I have a question relating to vector comparison.
I am creating a racing positioning system, and i need to find the direction of a segment of track. I had the idea to use the cross product of the start of the segment (x) and the world (z) to yield the Y axis.
However, because of the nature of cross product, if i get the x axis vector as opposite
e.g a-b -> b-a
the y axis is inverted in some cases, because of the nature of obtaining the vertices.
So i ask you, can you think of a way of getting a segment direction as an alternative method? Or how can i fix my problem? Many thanks!
Are you trying to get a cars orientation relative to the worlds orientation, or relative to the tracks orientation?
Actually, there was an episode of “Adventures in Game Development” that covers the basic algorithm:
That should work well enough for most racing games.
There is also a more “mathematical” method, which uses the equation of a curve as a “track guide”, and projects the position of the racers to that curve - but this is, from what I understand, done in 2D space (throw away the Z axis).
So, it’s essentially a transformation from 3D to 2D to 1D (you’re trying to solve for time “t” in the curve function, which then indicates “rank”).
… There was one more interesting method I read about, which utilizes vector fields to do this in a very clever way, but I can’t remember the relevant details - sorry.
Place sequentially numbered empties at key points on the track. (Anywhere the track turns significantly- you’ll figure out the behaviour.) Pull these into a script via object name (perhaps by generating the sequential names, if there are a lot of empties) and store them in a list.
Search and find the empty closest to the racer. Then check the empties sequentially before and after the closest, and again select the one the racer is closest to.
Put the two indices in sequential order with an if/else clause. (So that, basically, you have the two points before/after the racer’s current position.)
i0 = index of first empty
p0 = position of first empty
p1 = position of second empty
pr = position of racer
pos = (i0 + (p1 - p0).length / (pr - p0).length) / len(array of empties) + number of laps done (found by another method)
Tada. Calculate for each racer and compare to find the rankings.
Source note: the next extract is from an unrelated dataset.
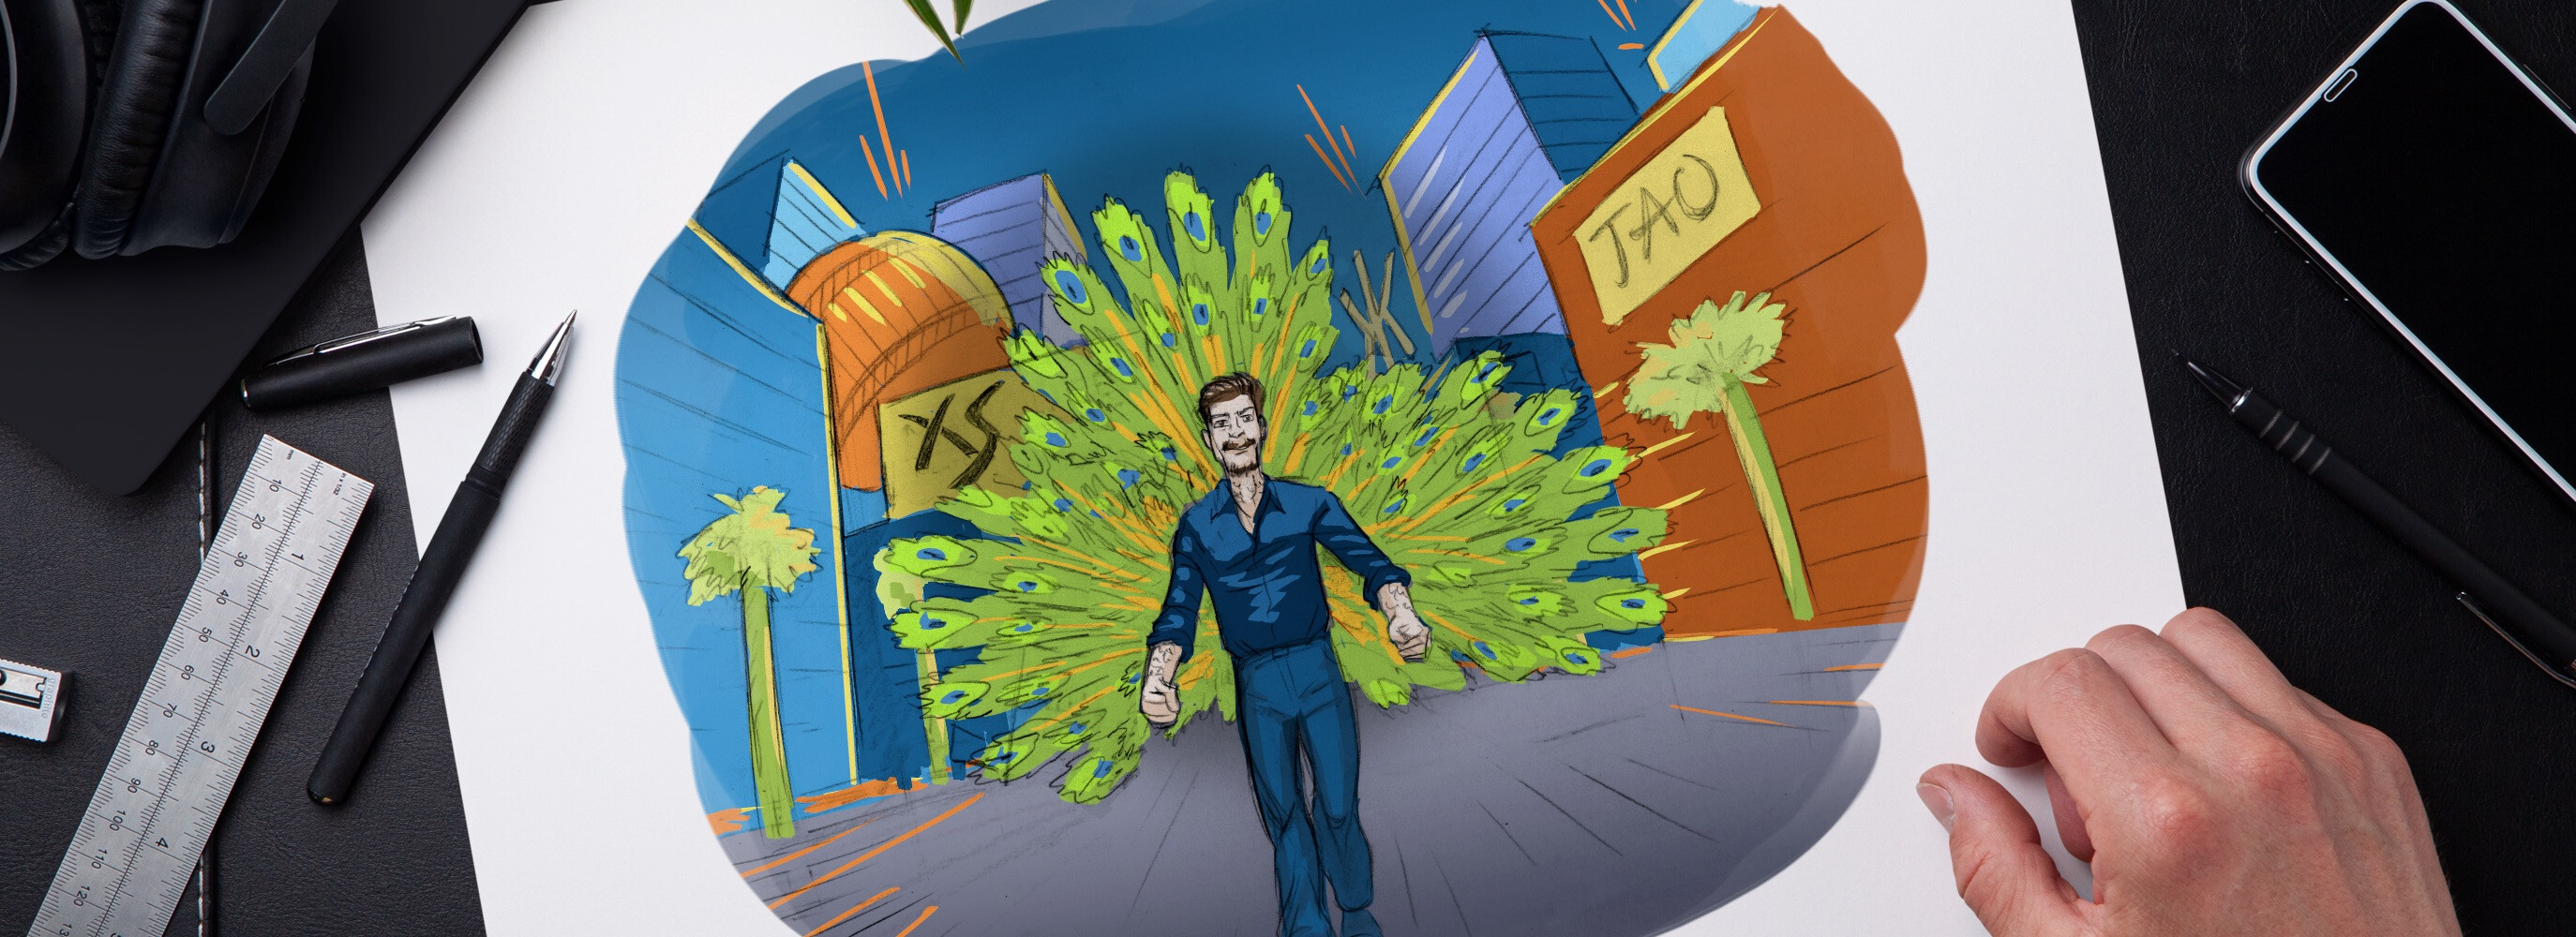 Sketch of "peacock" archetype for Patron, as a man walking down a Las Vegas street with peacock feathers behind him.

This doesn’t find the distance along the track in any useful sort of unit, but it will work for comparative purposes.
Hope this helps/works.
Trying to pull data from the track polygons seems impractical…
Is there something wrong with method I proposed?
Whilst that method i’ve used before will give you positions;
a)it requires hard coded empties, or at least numbered empties
b)It will give an incorrect figure: If you imagine this scenario:
An empty is centered in the track. Three cars are in row, all aligned with each other. Taking a distance reading to the empty will give the most central car a shorter distance, meaning that it is ahead.
The method im using attempts to solve this.
Instead of using a single point to measure distances, it has a vector between intersections of segments of the track. This is then projected forward to the furthest vertex at the other end of the segment, to give a reference within that segment, of distances to a point on that projection, defined by the intersection of a vector to the projection, the vector with the same direction as the direction of the segment. Let me draw a diagram.
I’m going for a slightly different method, getting the direction of the segment by the midpoint of the start vertices, and the midpoint of the end vertices, and using the vector between the two as the direction
Why can i not use sum() on a list of vectors?
Does it not use the built in operators?
Also, what is dot product - i’m learning about vectors as i go, so any help is really useful!
At a basic level, the dot product is used to obtain the cosine of the angle between two vectors.
It’s a really good idea to get your head around vectors since matrices are a natural expansion of vectors (a vector is a 1-dimensional matrix).
Just when you think you have vectors and matrices sorted feel free to go pop your head with quaternions.
For summing a list of vectors, there’s no reason I can see that it’s not implemented. You could always write your own function…
import mathutuils.Vector as Vector
vec1 = Vector[0,1,0]
vec2 = Vector[1,2,5]
vec3 = Vector[99.827, 428, 3.14159265359]
vecs = [vec1, vec2, vec3]
total_vec = Vector[0,0,0]
for vec in vecs:
total_vec += vec
Here’s a modification of the calculation which accounts for the problem you mentioned.
pos = (i0 + (p1-p0).normalized().dot(pr - p0) / (p1-p0).length) / len(empties) + laps
The system is then, essentially, snapping the racer’s position to the closest point on a linearly-interpolated path defined by the empties.
I honestly don’t think there is a solution better than this, short of using a spline path, but the maths for that would become much more complex.